World Cup 1991
Hosts fall at the final hurdle
Nick Farr-Jones and David Campese lift the Webb Ellis trophy
© Getty Images
World Cup No. 2
October 3 - November 2,1991
Hosts: England, Ireland, Scotland, Wales and France
The eight quarter-finalists from the previous tournament, held in Australia and New Zealand in 1987, qualified for the 1991 competition by right, and those eight were joined by an additional eight teams, who came from a qualification pool of 33 national sides. Europe provided the biggest contingent with seven teams, five of which were the joint host nations. Oceania provided four, the Americas three, and Asia and Africa one each. The African entry was Zimbabwe, with South Africa still absent from international competition due to political reasons.
Four years on from the inaugural tournament, many felt that the European nations had a good chance against the two Southern Hemisphere powerhouses New Zealand and Australia, thanks to their home field advantage. England, in particular, were enjoying a prolonged period of success under Will Carling, and entered the event on the back of a Grand Slam season. While France and Scotland were also strong, with Scotland having a Grand Slam of their own under their belts, won in 1990. The tournament was firmly embraced by the four Home Unions and France, with an aggregate attendance of one million at the 19 venues.
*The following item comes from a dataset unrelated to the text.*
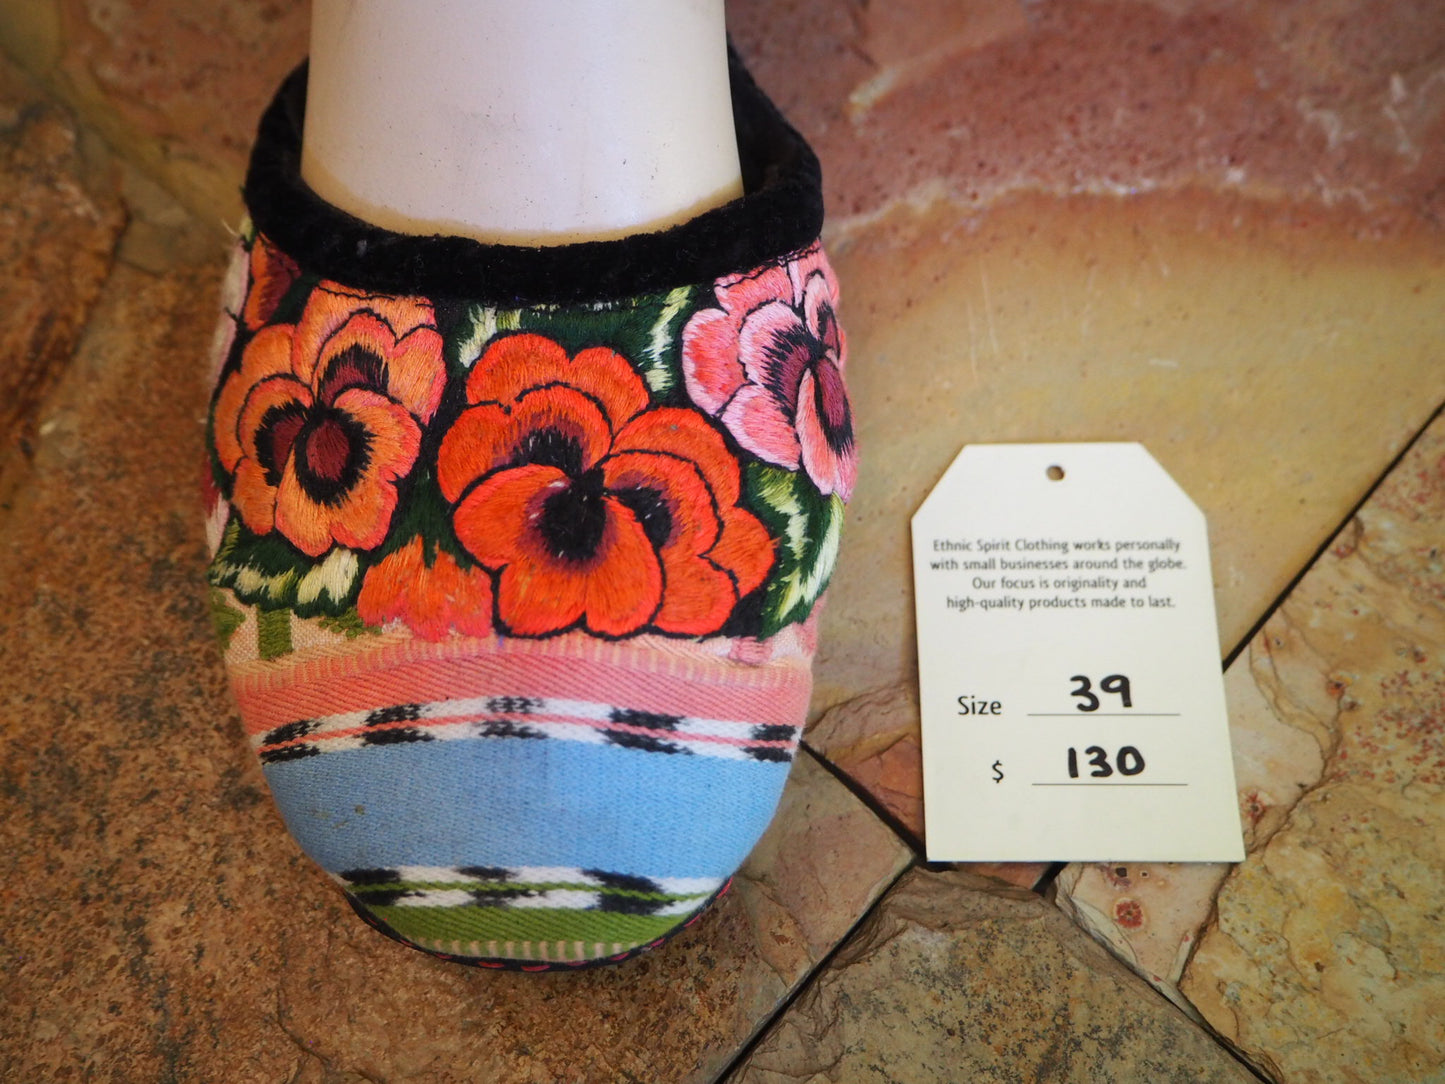 Size 39 Ballerina Sandals - Pastel Garden

The pool stages kicked off at Twickenham with a match between England and New Zealand, which the All Blacks shaded 18-12. From there the pool matches were played out over just under three weeks, and at some less familiar venues, including Otley, Pontypridd and Villeneuve d'Ascq. New Zealand and England qualified from Pool A, and Scotland and Ireland came through from the weak Pool B. In Pool C, Australia topped the group and Western Samoa reached the quarter-finals for the first time in their history, after beating Wales at Cardiff Arms Park. While in Pool D, France and Canada progressed, at the expense of Romania and Fiji.
Scotland ended the challenge of a Western Samoa team that featured future All Blacks Stephen Bachop and Frank Bunce 28-6, to meet England in the first semi-final. England reached that semi courtesy of a torrid win in Paris against France 19-10. On the other side of the draw, New Zealand beat Canada with ease, while Australia squeezed past Ireland in a classic match in Dublin, 19-18. England were able to win their semi-final at Murrayfield 6-9, in a match that will be remembered for Gavin Hastings' penalty miss right in front of the posts. Australia took their place in the final after edging out the All Blacks 16-6 again in Dublin, with tries from Tim Horan and David Campese.
The final was played at Twickenham on November 2 in front of a full house of 75,000 spectators. Australia won the match 12-6, with converted try by Tony Daly separating the sides, with the goal kickers, Michael Lynagh for the Wallabies, and Jonathan Webbe for England, slotting two penalties apiece. With England coming into the game slight favourites, much was made of an apparent change in tactics from Will Carling's men, trying a fluid, running game, after previously finding success with a forward-based effort. England players have since confirmed that no such decision was made - and it was academic anyway, as the Australian defence held firm, and Nick Farr-Jones lifted the trophy for Australia.
Player of the tournament
There were numerous excellent performances at this World Cup. Fly-half Ralph Keyes top scored with 68 points for Ireland, Scotland's Hastings was immense in taking his team to the semi-final, Jean-Baptiste Lafond was on the end of many a flowing French move, and Horan emerged a truly world-class player. However, the player of the tournament was Horan's Wallaby team mate Campese. Campo scored six tries, getting on the score sheet in the pool stages, the quarter-final and semi-final. His performance in the nail-biting quarter-final against Ireland was indicative of his contribution throughout, with his natural pace and flair backed up by supreme competitiveness and a ruthless will to win.
Frozen in time
Tough call here. Let's not dwell on failure with Hastings' critical miss at Murrayfield, and Gordon Hamilton's 40 metre gallop against the Aussie cover at Landsdowne Road also comes very close. But for sheer theatricality, and a keen insight into Anglo-French rugby relations, Mickey Skinner's eye-balling of Eric Champ in the cauldron-like atmosphere of the Parc des Princes in Paris during the quarter-final between England and France will live long in the memory. Two of rugby's proper hardmen going right at it in a brutal match. Awesome.